- [PROBLEM TO SOLVE]: Would you restate each line of the data below word for word, without its pictures?

- [SUPPLIED INFORMATION]:

=== Section Start ===

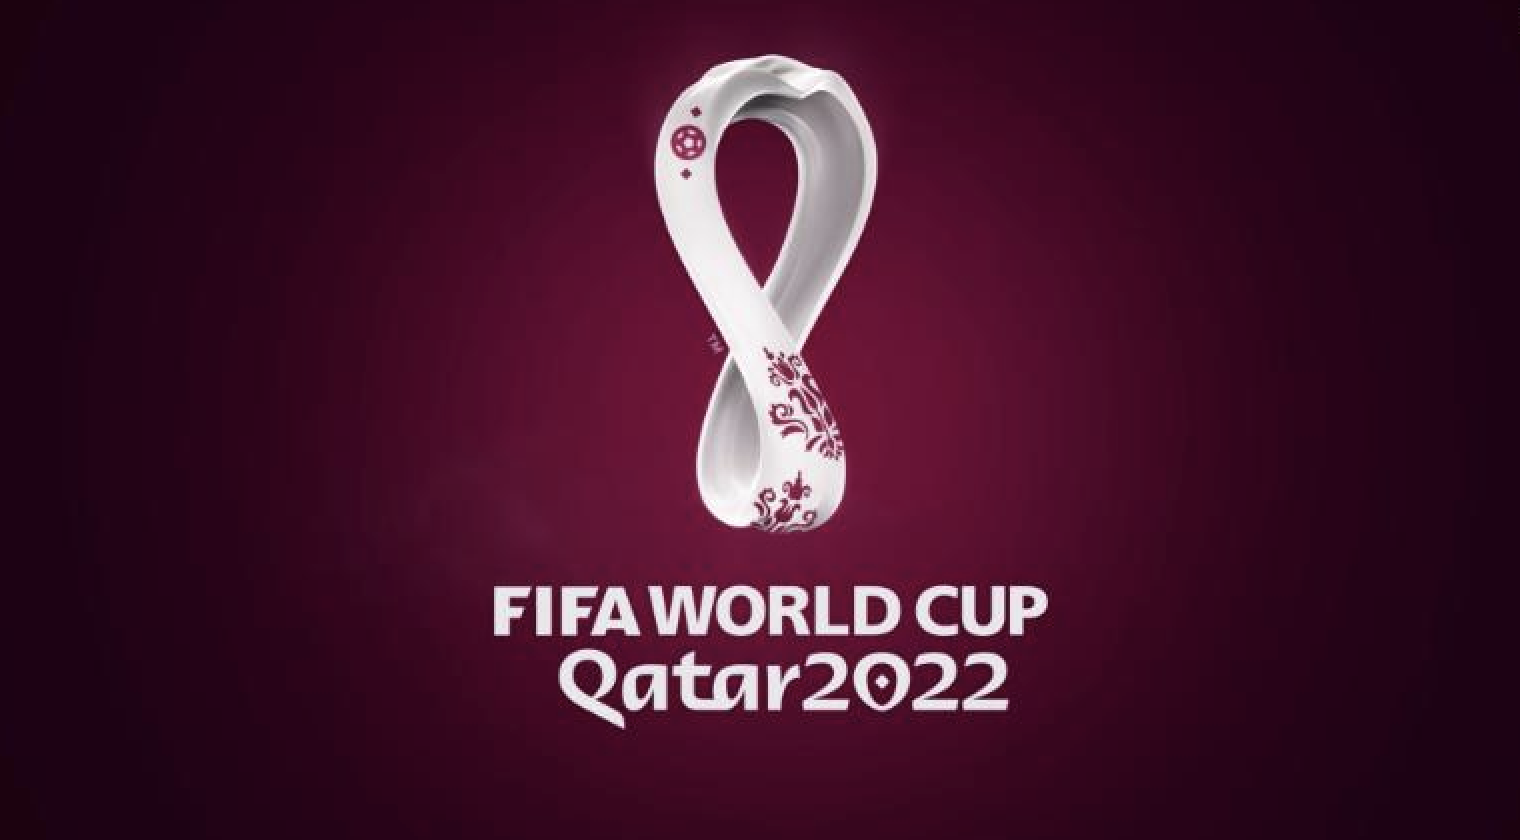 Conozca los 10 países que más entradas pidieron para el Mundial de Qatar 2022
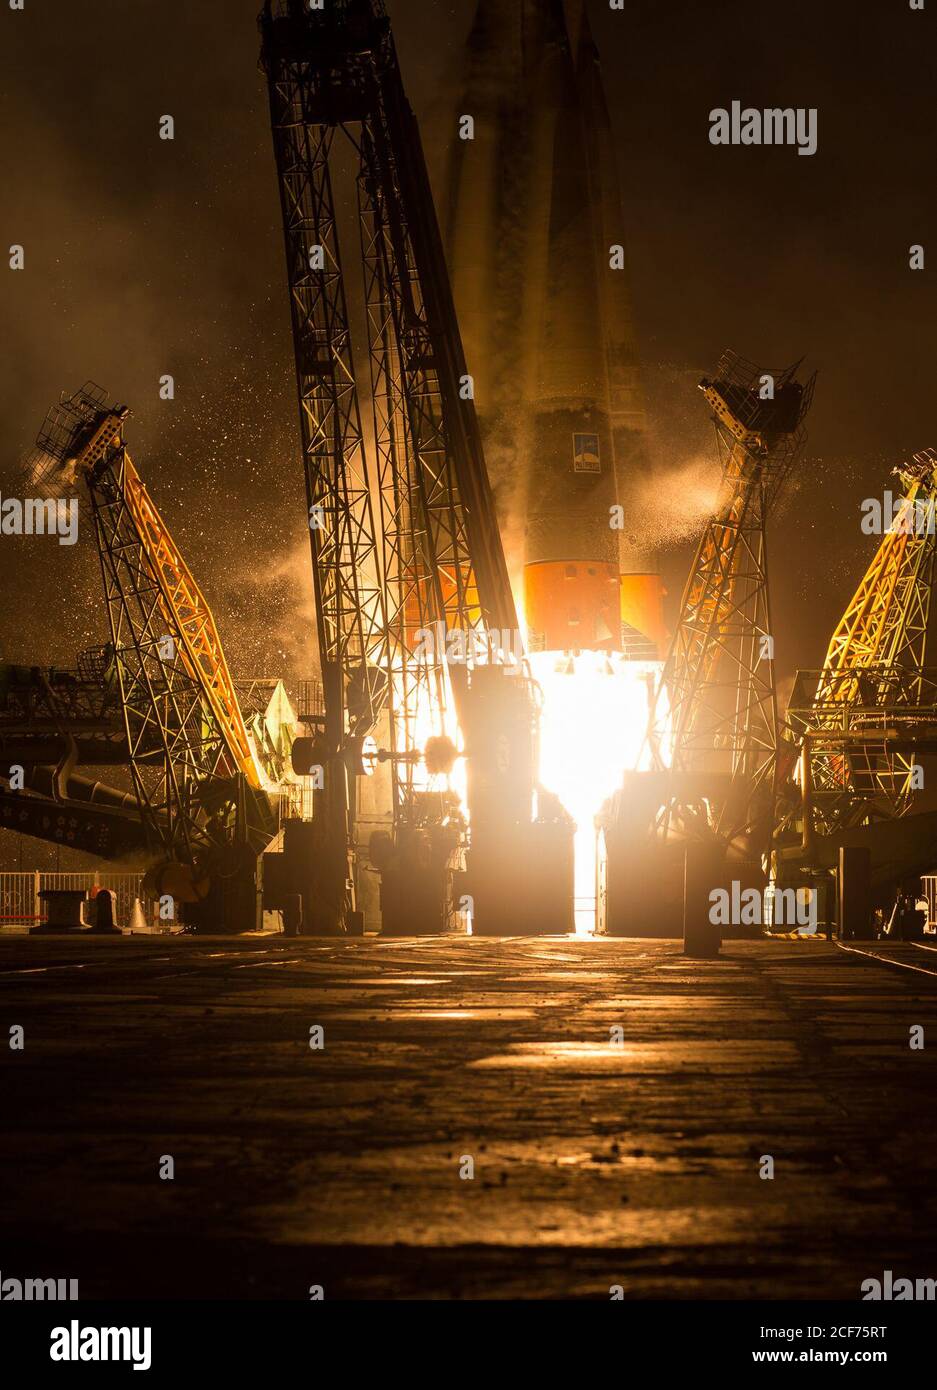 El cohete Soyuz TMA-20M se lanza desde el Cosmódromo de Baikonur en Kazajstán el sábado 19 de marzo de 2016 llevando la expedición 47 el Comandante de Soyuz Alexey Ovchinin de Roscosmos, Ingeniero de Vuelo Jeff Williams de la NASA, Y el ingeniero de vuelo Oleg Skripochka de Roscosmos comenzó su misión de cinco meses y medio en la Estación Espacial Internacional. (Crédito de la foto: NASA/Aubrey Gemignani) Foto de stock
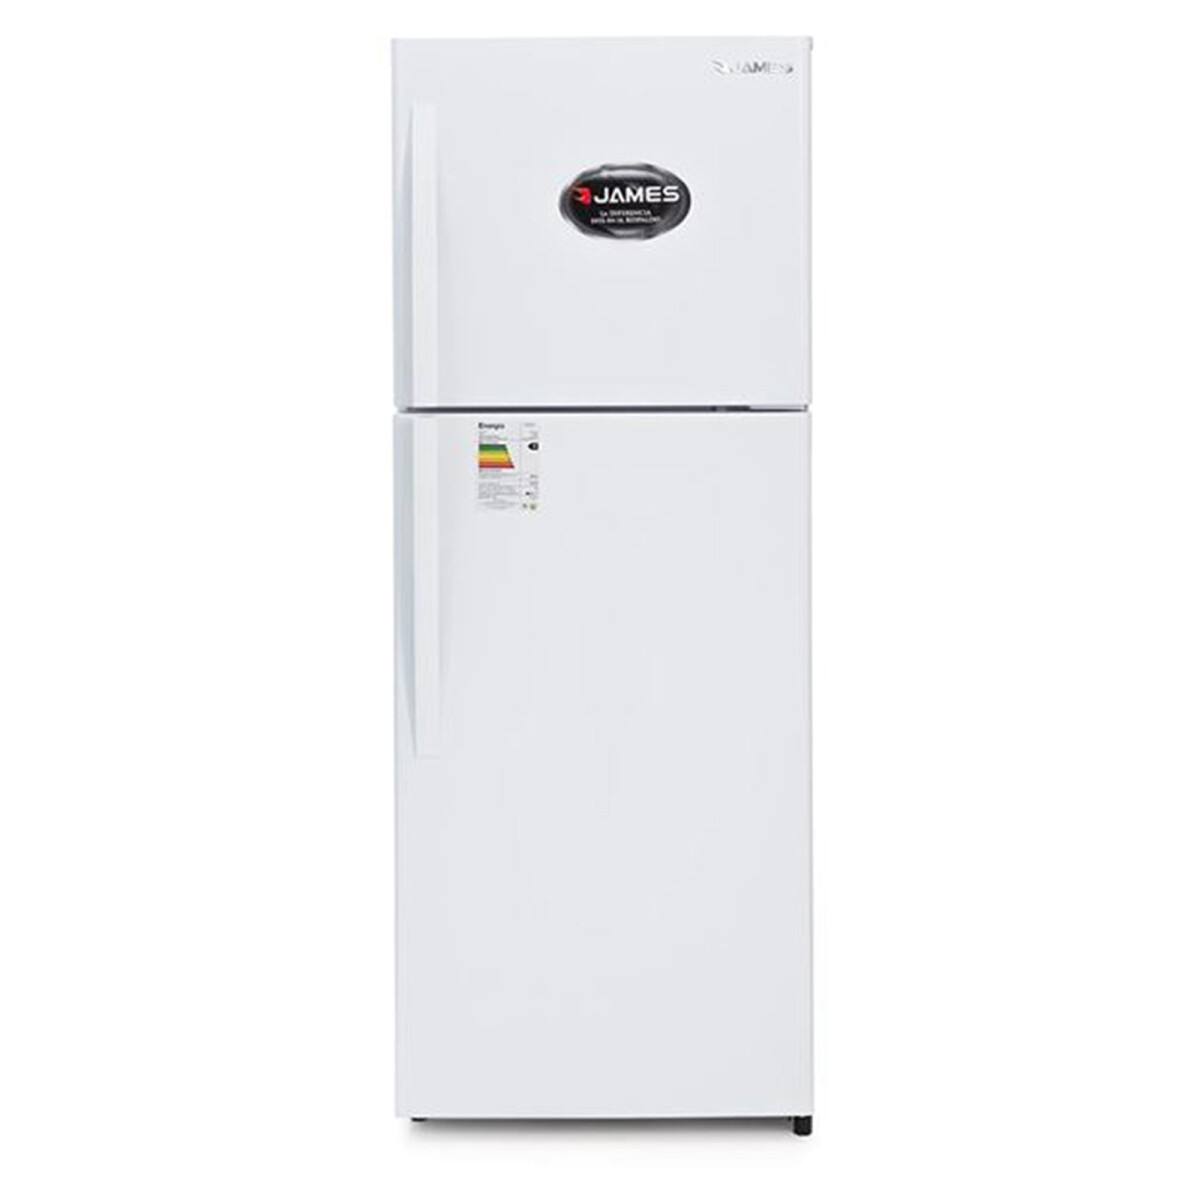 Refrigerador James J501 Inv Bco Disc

=== Section End ===

- [TASK RESPONSE]:
 Conozca los 10 países que más entradas pidieron para el Mundial de Qatar 2022
 El cohete Soyuz TMA-20M se lanza desde el Cosmódromo de Baikonur en Kazajstán el sábado 19 de marzo de 2016 llevando la expedición 47 el Comandante de Soyuz Alexey Ovchinin de Roscosmos, Ingeniero de Vuelo Jeff Williams de la NASA, Y el ingeniero de vuelo Oleg Skripochka de Roscosmos comenzó su misión de cinco meses y medio en la Estación Espacial Internacional. (Crédito de la foto: NASA/Aubrey Gemignani) Foto de stock
 Refrigerador James J501 Inv Bco Disc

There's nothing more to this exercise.